Sinto as lágrimas rolarem por meu rosto, cara eu não acredito que estou passando por isso. Na mesma hora vou para a casa de meus sogros, preciso ver a mãe de Luan a mesma deve está arrasada nesse momento. Deixo as meninas e vou até o local, os seguranças de meu sogro estão no portão, avisto até pessoas que nunca vi na vida. Tento entrar mas sou barrada por um cara que eu não conheço, mas logo Digão me manda entrar e diz que sou mulher de Luan. Entro na casa, do portão já dá para escutar os gritos de minha sogra, impossível não chorar, ela lutou tanto para isso não acontecer e infelizmente aconteceu. Passo pela varanda e meu sogro está sentindo em sua poltrona de cabeça baixa, não digo nada. Passo por ele e vou direto para minha sogra que quando me mer vem correndo me abraçar.
— Meu filho Laura, está preso. O quanto que eu falei pra ele não entrar pra essa vida, e agora ele está lá, meu menino. Sozinho. - fala descontrola
Tento acalmar a mesma a todo custo, meu sogro entra com um copo com água e entrega em sua mão, mas minha sogra não aceita e jogo a água no rosto dele e quebra o copo no chão.

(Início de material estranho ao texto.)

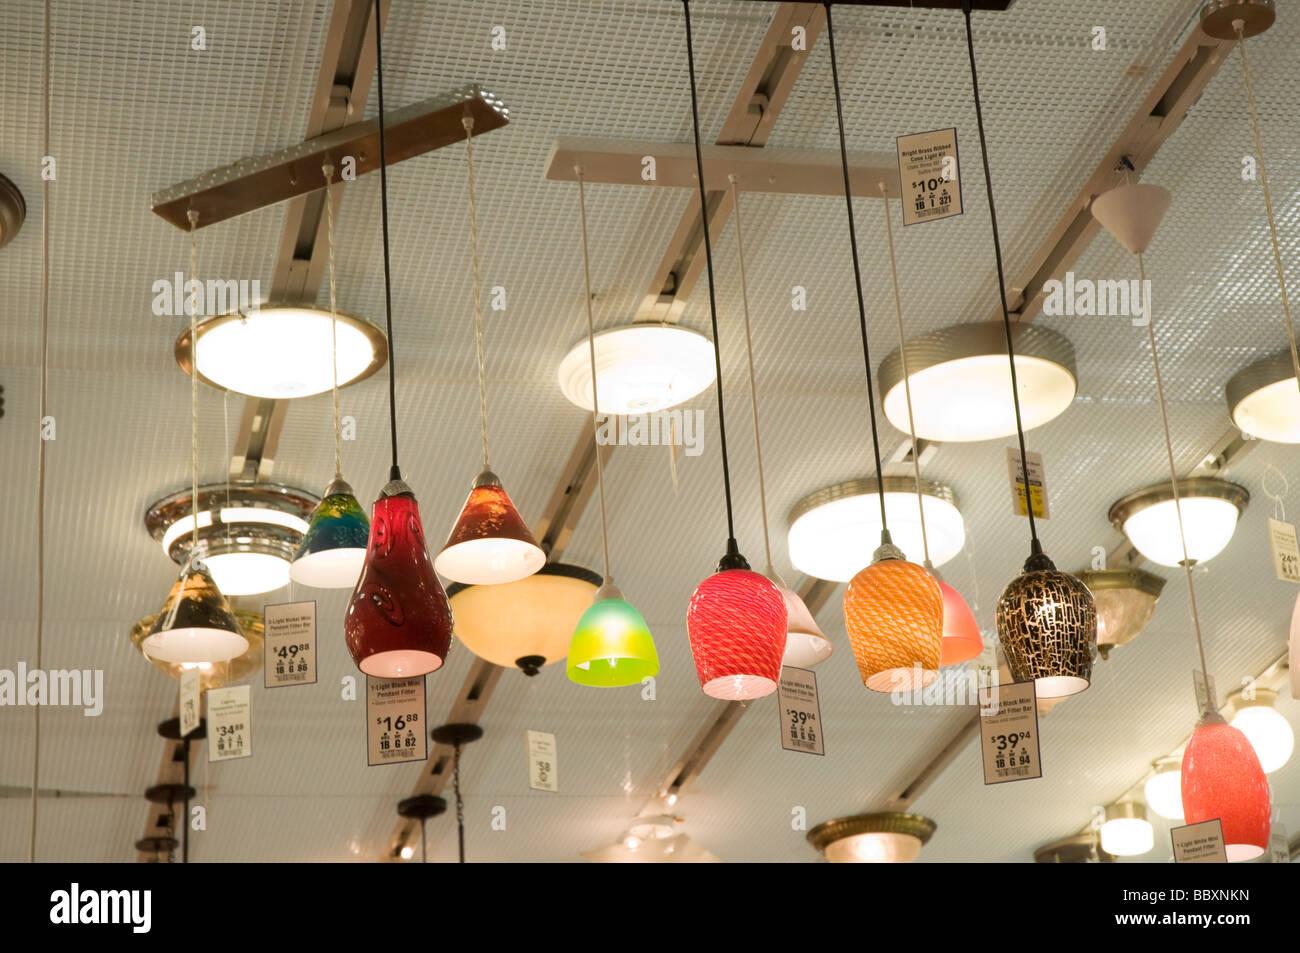 Lowes Store Interior Stockfotos & Lowes Store Interior Bilder - Alamy

— Eu não quero água, quero o meu filho. Da o seu jeito e traga o meu menino de volta.- fala e sai da sala me puxando para o quarto.
Meu sogro fica parado no centro da sala sem reação. Entramos no antigo quarto de Luan, sentamos na cama, e minha sogra segura minha mão.
— Laura, por favor não abandona o meu menino. Minha única esperança para a mudança do meu filho é você. Eu sei que é difícil, ter um sogra como meu marido, mas pensa em mim minha filha, pensa em mim. Uma mãe que só quer ver seu filho bem.- fala e me abraça apertado.
Ficamos abraçadas por alguns minutos, descido ir embora e deixar dona Alice descansar um pouco, a mesma insistiu para que eu dormisse em sua casa mas preferi dormir em casa mesmo, vou pelas ruas de cabeça baixa. Chego em meu portão, olho e minhas irmãs não estão mais no portão então vou direto para casa, não quero encomodar ninguém, entro e vou direto para o banheiro, tomo banho e vou para cama, não tenho fome então prefiro dormir assim mesmo. Quem sabe amanhã não seja um dia melhor.